=== What is required ===
Set down the data below in full and exactly, minus the pictures.

=== Data provided ===

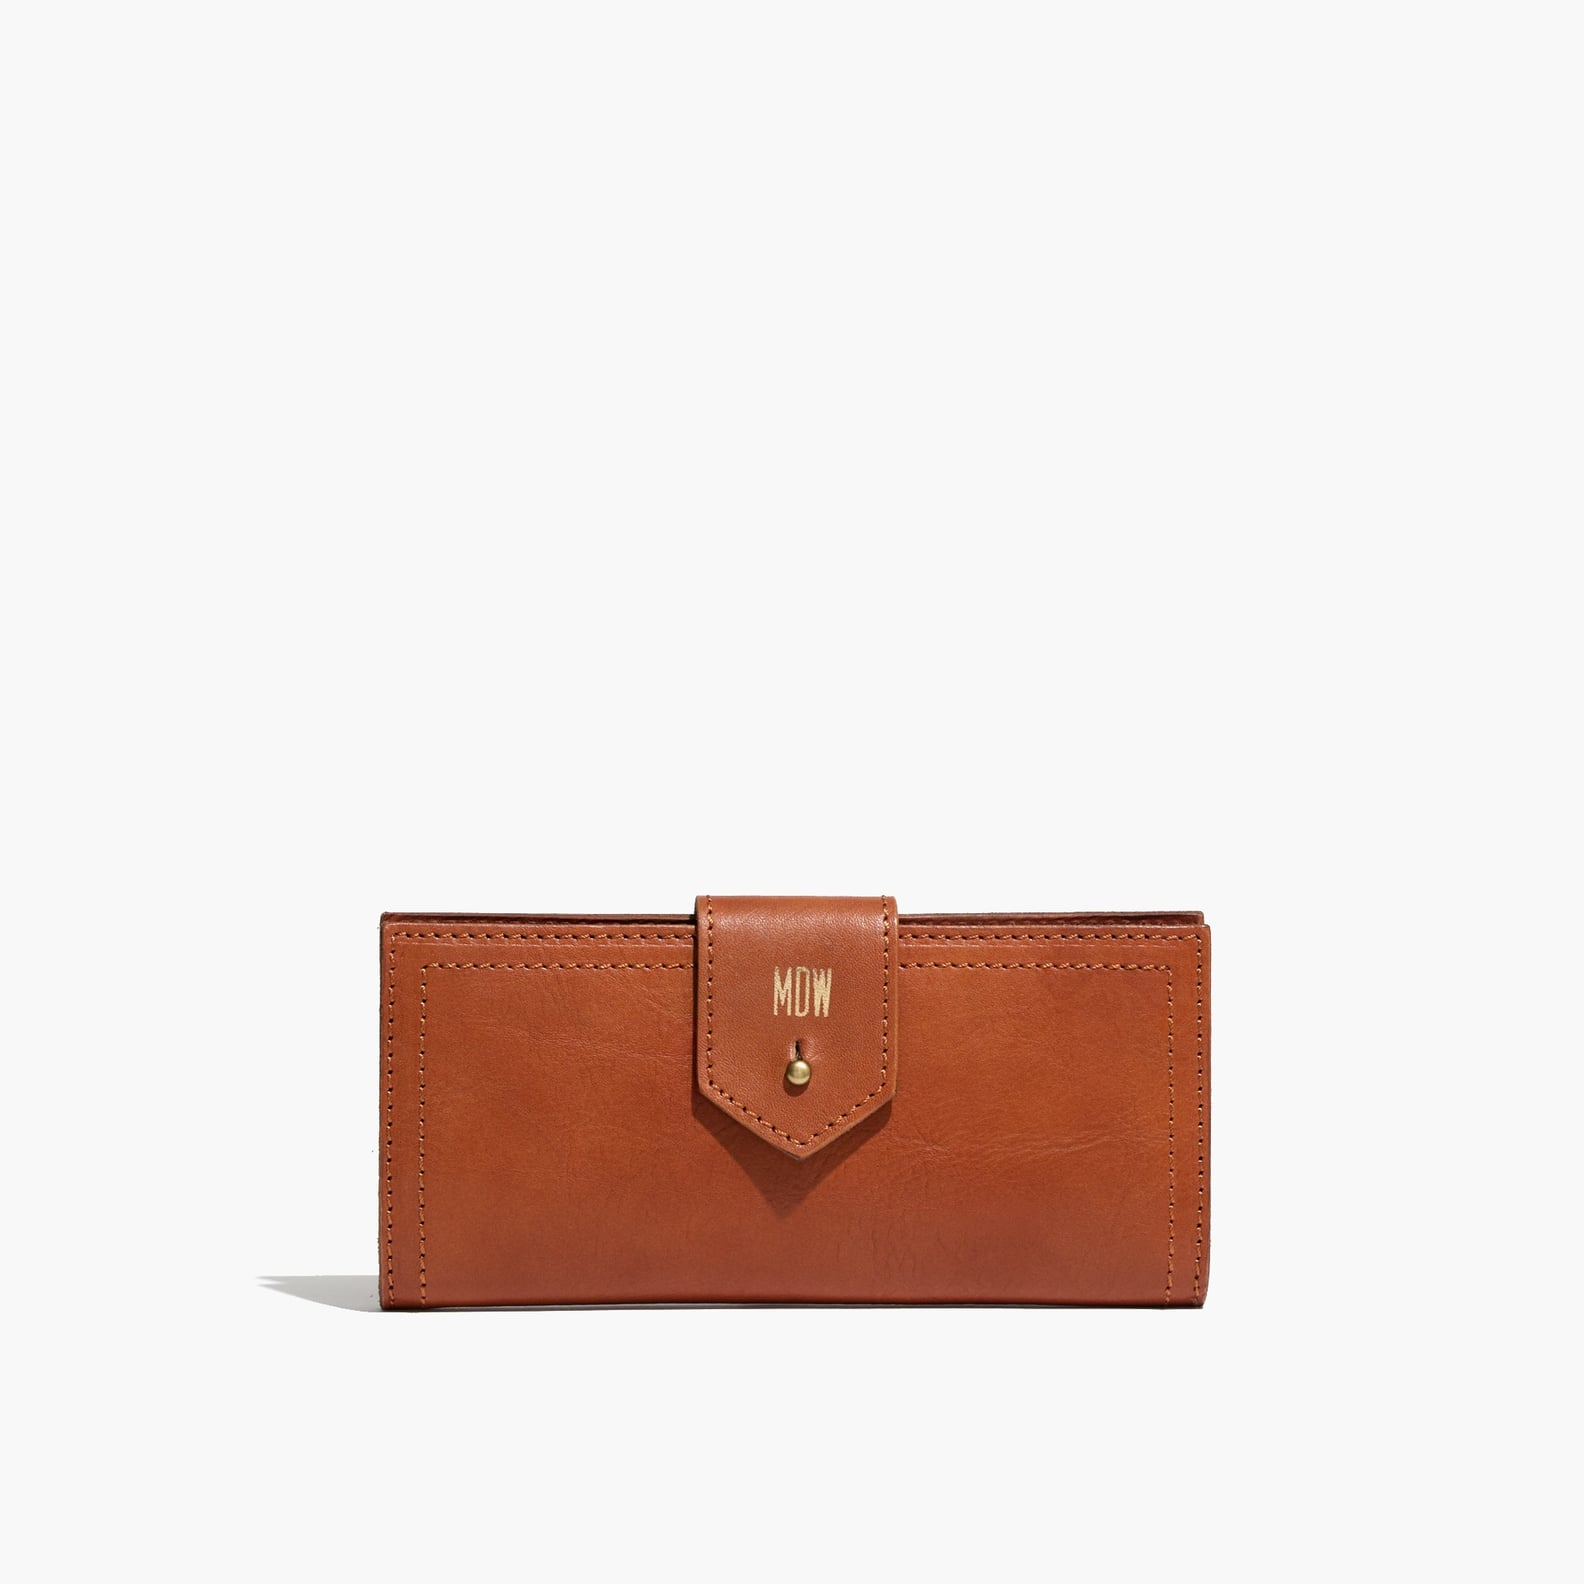 Madewell Monogrammed Bags | POPSUGAR Fashion
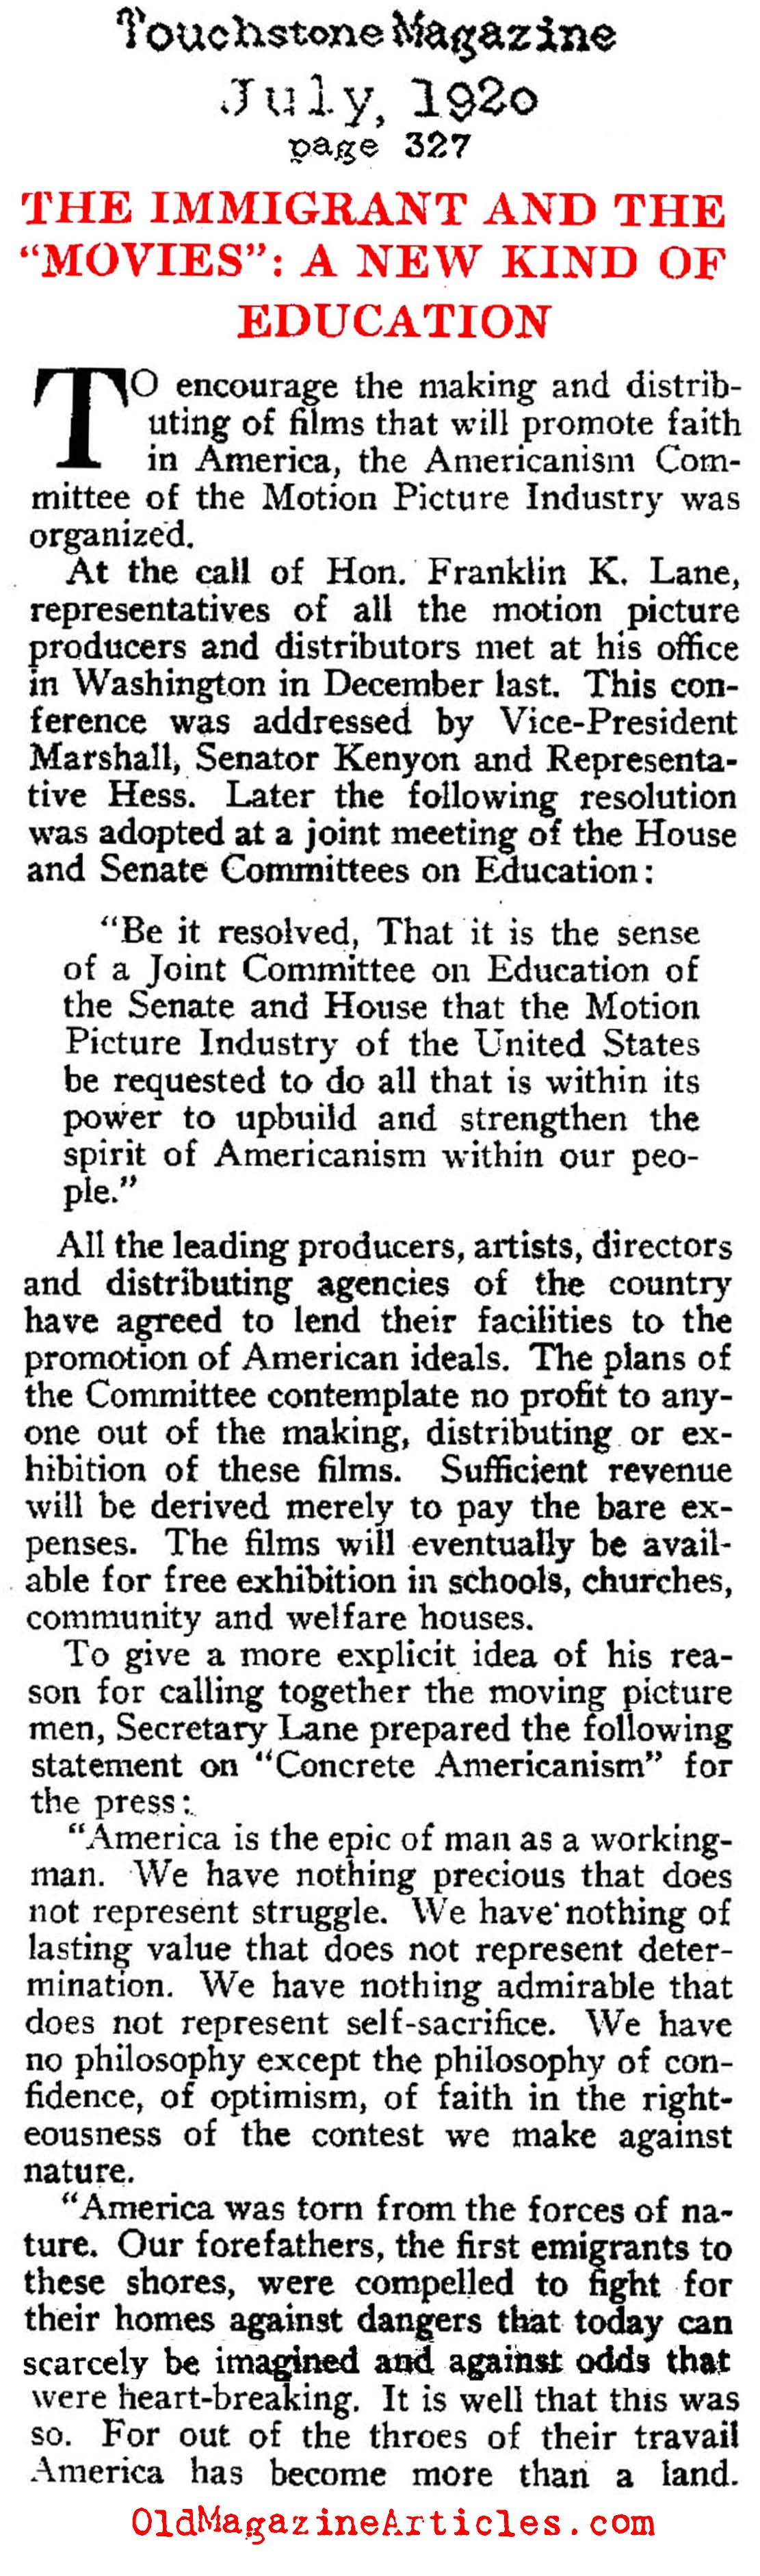 Promoting Citizenship (Touchstone Magazine, 1920)
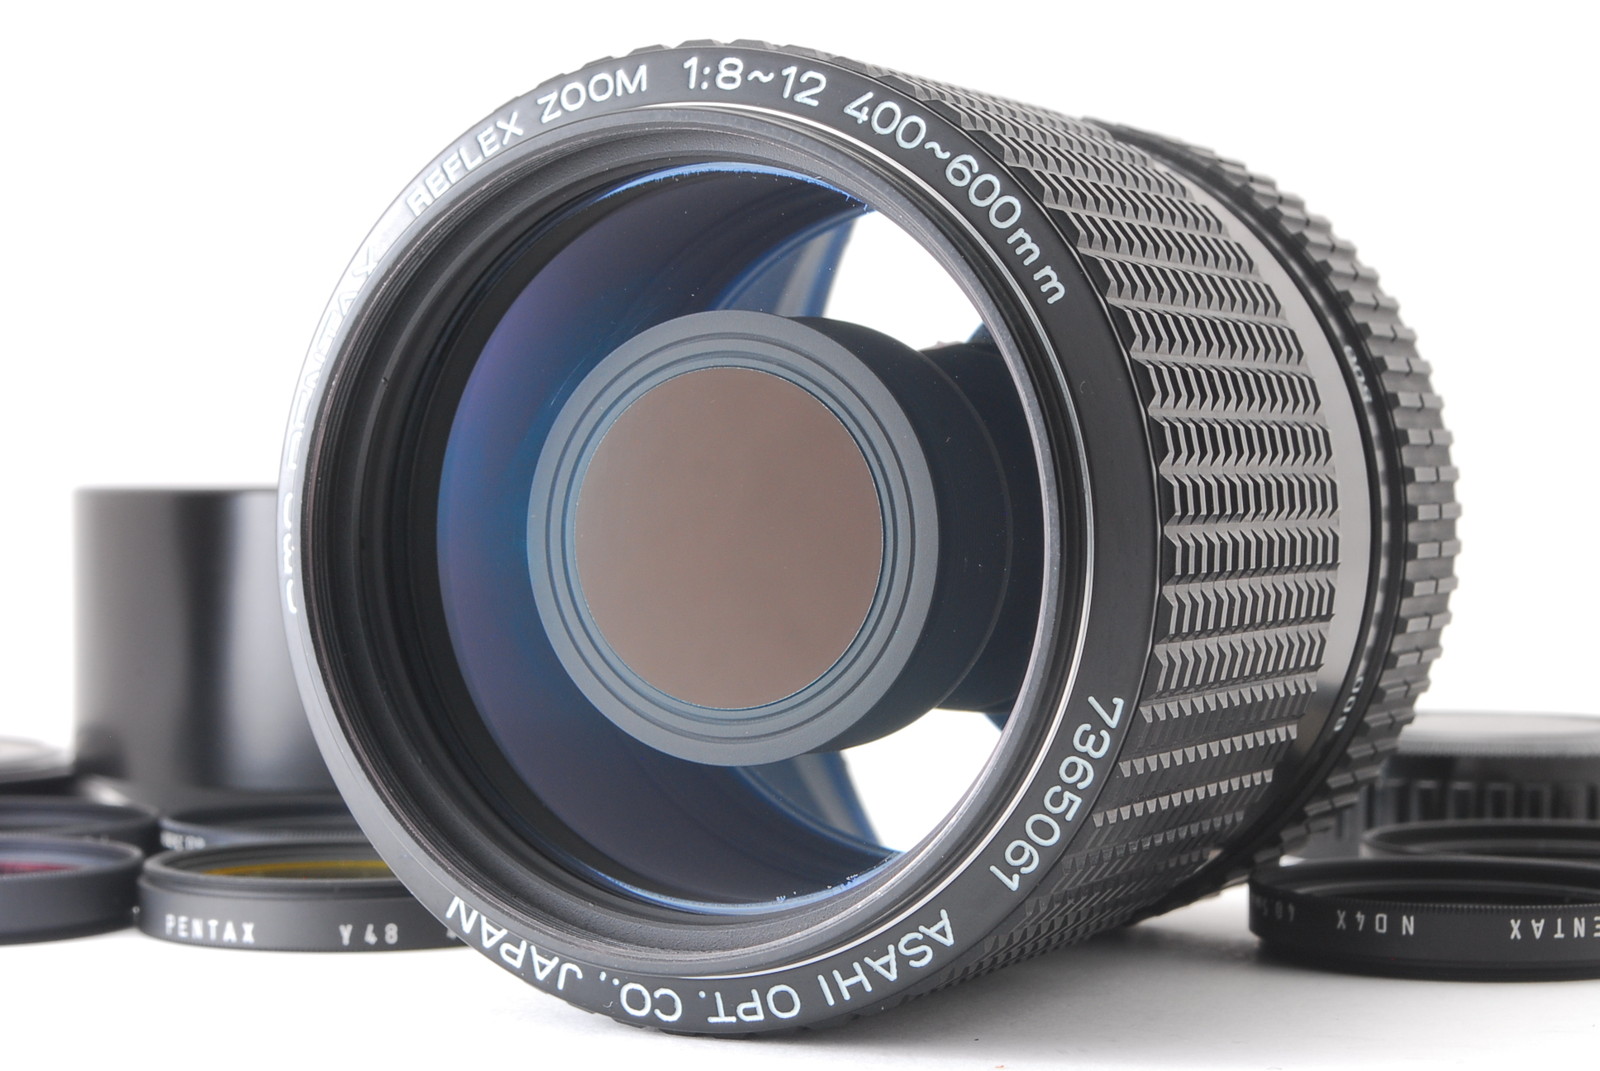 PROMOTION. NEAR MINT Asahi Opt Pentax smc PENTAX REFLEX ZOOM 400-600mm f/8-12, Case, Hood, Front Cap, Rear Cap, Lens Filters from Japan
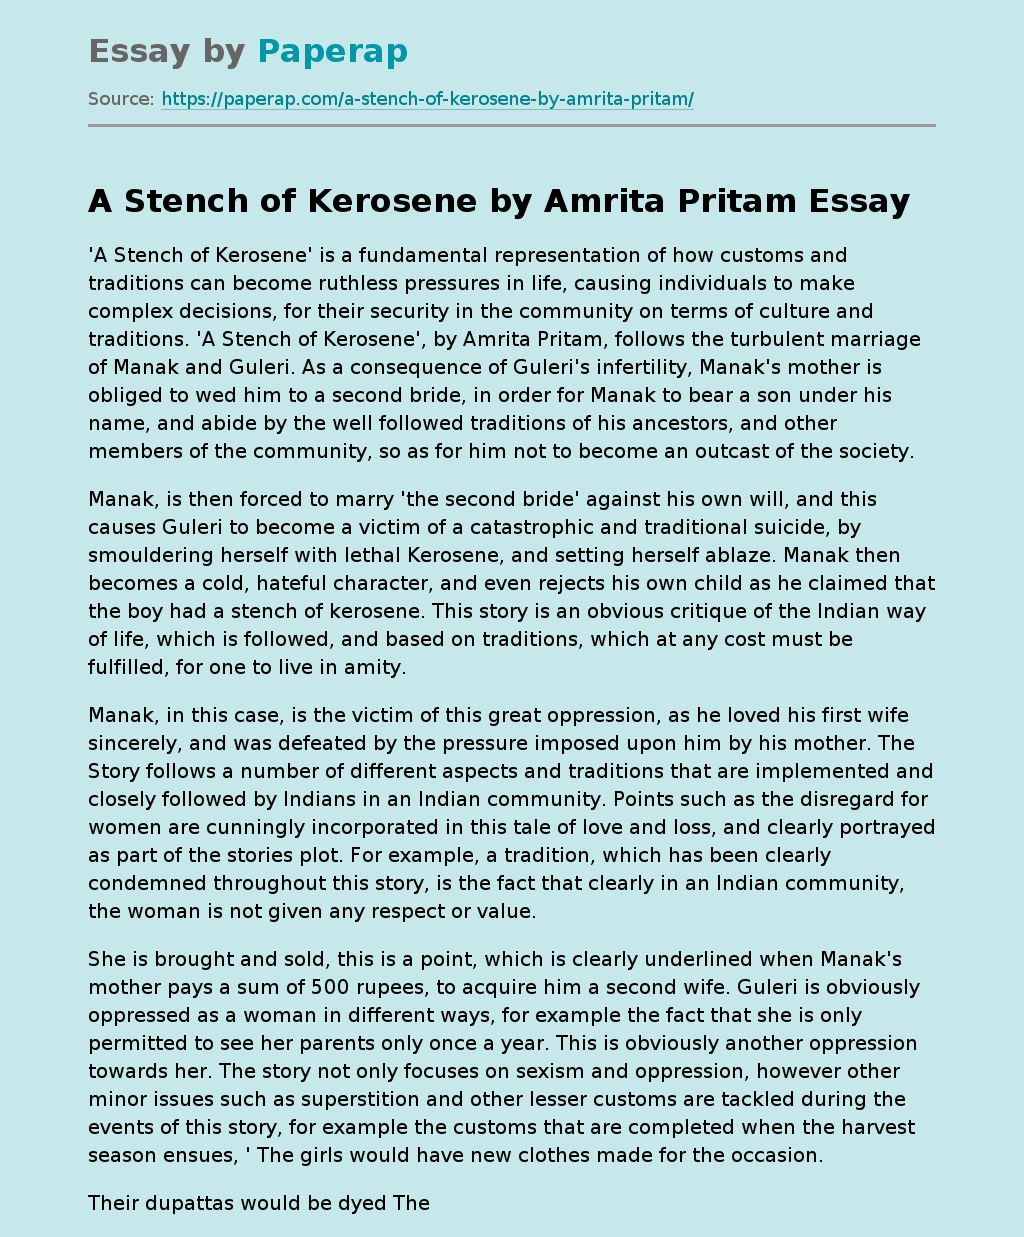 A Stench of Kerosene by Amrita Pritam

=== Worked solution ===
 Madewell Monogrammed Bags | POPSUGAR Fashion
 Promoting Citizenship (Touchstone Magazine, 1920)
 PROMOTION. NEAR MINT Asahi Opt Pentax smc PENTAX REFLEX ZOOM 400-600mm f/8-12, Case, Hood, Front Cap, Rear Cap, Lens Filters from Japan
 A Stench of Kerosene by Amrita Pritam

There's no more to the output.